L’evoluzione degli shooter attraverso la prospettiva.

Un recente articolo apparso su Eurogamer.it a proposito della componente multigiocatore di Dead Space 2 ci ha fatto riflettere parecchio su quella che è l'effettiva direzione in cui si sta muovendo il multiplayer ai giorni nostri e su come sta cambiando per tutte le piattaforme in relazione alla visuale utilizzata.

In particolare, colpisce come titoli che in passato sarebbero stati definiti semplicemente action game per il fatto che non erano pensati per essere giocati in prima persona ma in terza, abbiano preso in mano le redini di un mercato concentrato al 90% sul venduto delle console. Le restanti briciole di una torta immensa sono rimaste ad appannaggio del PC nelle vesti di piattaforma dedicata a determinati generi (FPS, MMO, RTS), conversioni dei titoli tripla A e paradiso per gli sviluppatori indipendenti.

Videogiochi che un tempo sarebbero stati proposti solo per la loro componente single player, oggi non arrivano sugli scaffali dei negozi senza una modalità multigiocatore dedicata.

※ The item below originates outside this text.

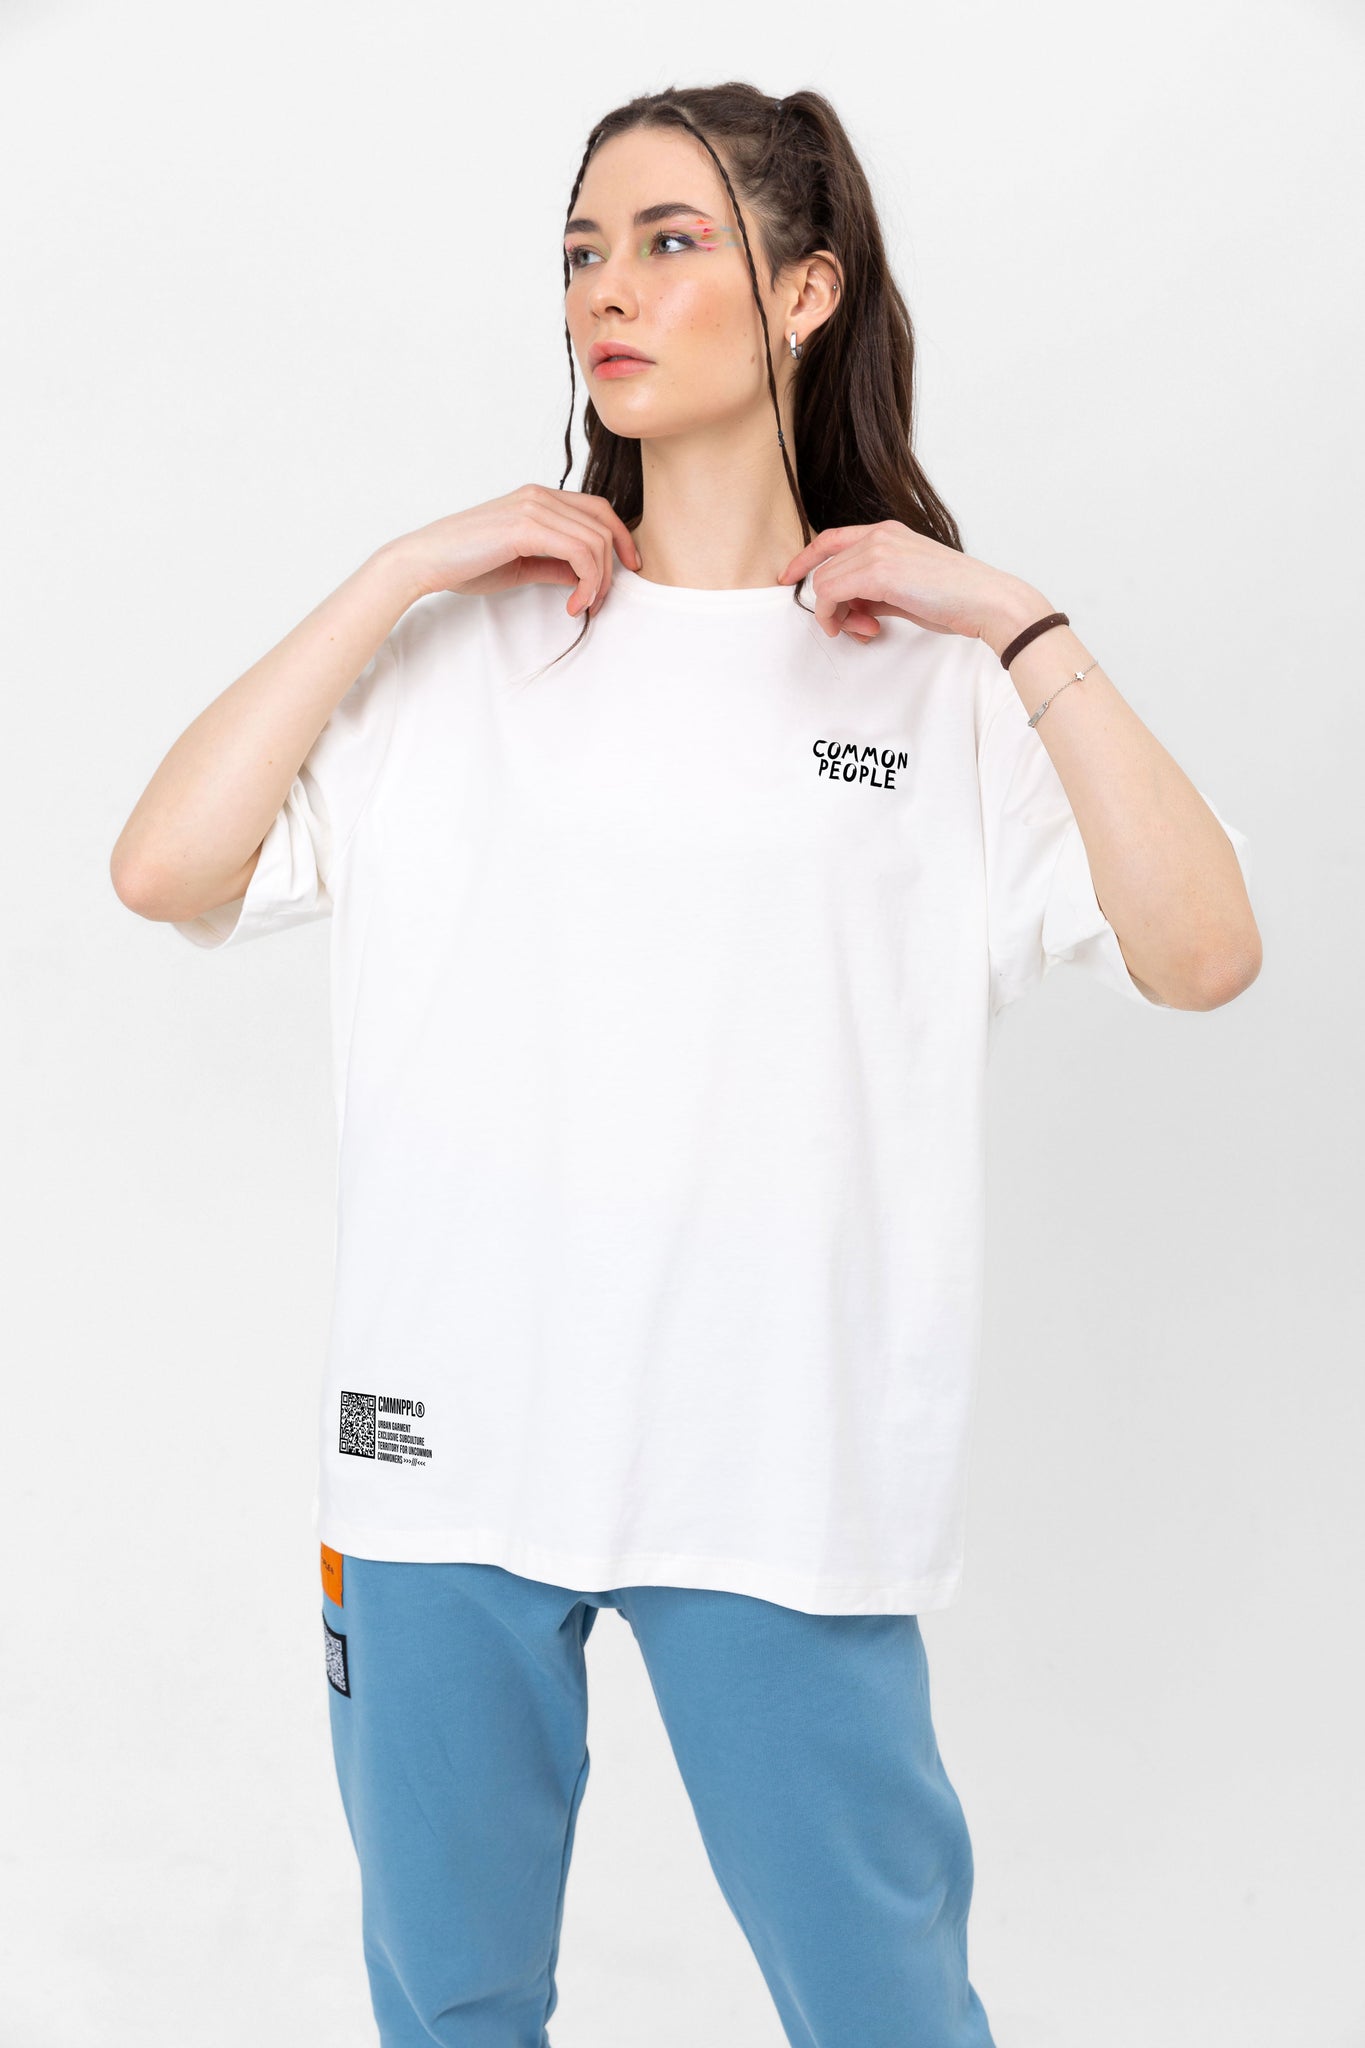 Afro - Off-White - Oversized T-shirt

Un atto di benevolenza da parte dei publisher o una reale esigenza di portare gli action game moderni a un nuovo livello commerciale che permetta loro di prevalere sulla concorrenza rappresentata dagli FPS tradizionali?

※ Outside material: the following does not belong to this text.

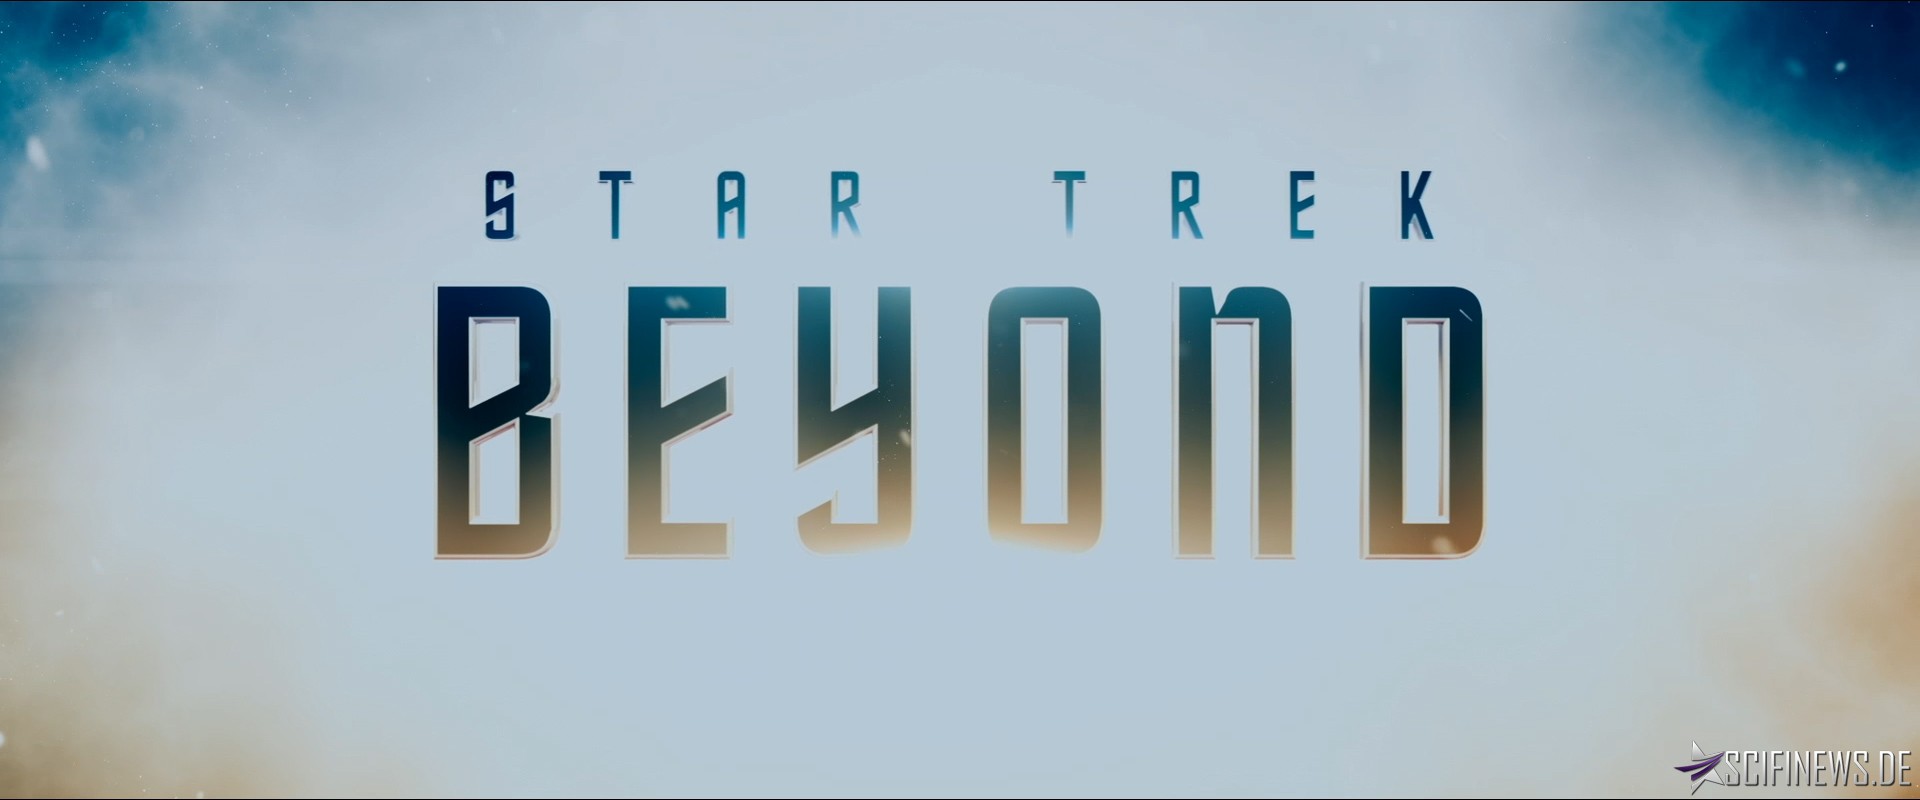 Star Trek Beyond - Logo

Le risposte a questo quesito sono molteplici e prendono spunto da un assunto di base molto semplice: nelle intenzioni dei maggiori publisher, il successo di un gioco si costruisce attraverso la costituzione di una fedele base di fan capaci di mantenere vivo il prodotto attraverso la costituzione di una comunità di giocatori che quotidianamente si dedichi al gioco in questione.

Longest seller

L'esempio più calzante che attualmente si può fare riguarda Call of Duty nelle sue varie incarnazioni: a fronte di un single player di qualità ma molto breve, è stato proprio il multiplayer a consacrare il marchio di Activision come dominatore incontrastato dell'online per tutte le piattaforme su cui è stato pubblicato.

Pensate che la modalità in terza persona di Modern Warfare 2 sia un semplice extra per fare numero?

Il successo di cui ha goduto fino a questo momento è stato indiscusso, logico pensare quindi che molti publisher abbiano visto l'esperienza multigiocatore non solo come un valore aggiunto in termini di longevità ma anche il grimaldello con cui far entrare un gioco nell'immaginario collettivo del grande pubblico e perpetuarne il più a lungo possibile il successo commerciale con seguiti, add-on, DLC e quant'altro possa fare cassa sul lungo periodo.

Il fascino dei long-seller non diminuisce mai ed è questa la differenza cruciale che passa tra un Red Dead Redemption, che dopo un anno di scaffale si attesta ancora sui sessanta e rotti euro, e un Just Cause 2 già in fascia midprice.

Sotto questo punto di vista l'equazione è quindi molto semplice: realizzare prodotti della maggiore appetibilità e longevità possibile per quanto riguarda il mercato mass market e dedicarsi al concepimento di una componente multigiocatore in grado di consolidare questo genere di risultato. Come sempre più spesso accade, i cambiamenti nell'industry arrivano proprio quando qualcuno pensa di sdoganare un concept a un pubblico diverso per cui questo era stato pensato inizialmente.

Punto di partenza

Il punto di partenza della nostra analisi tornano ad essere gli FPS che all'inizio di questo decennio monopolizzavano l'attenzione del mercato relegando le console al ruolo di comprimarie, limitate all'utilizzo in salotto ma con scarse velleità multiplayer.

L'impianto scenico di Red Dead Redemption vive della terza persona.

L'obiettivo dei migliori sviluppatori era quindi chiaro: replicare questo successo con un modello che potesse avere la stessa appetibilità degli sparatutto, permettesse di introdurre elementi di gameplay più variegati delle semplici sparatorie e, soprattutto, che coinvolgesse quel genere di pubblico che dopo primi quindici metri avrebbe vomitato il cenone di Natale in preda a un attacco di mal di DooM.

Fu chiaro fin da subito che era necessario rivolgersi a un sistema di controllo del personaggio che si staccasse dalla prima persona e rallentare leggermente il gameplay che durante gli anni '90 aveva caratterizzato i primi sparatutto seminali per home computer come Duke Nuke'm, DooM e Half-Life.

Il percorso è stato piuttosto lungo ma alla fine siamo arrivati un'inversione di tendenza che ha portato alla realizzazione di un numero sempre maggiore di sparatutto bollati come action game solo perché si è deciso di percorrere la scelta della visuale in terza persona. Un trend che in futuro finirà per soppiantare definitivamente gli FPS tradizionali?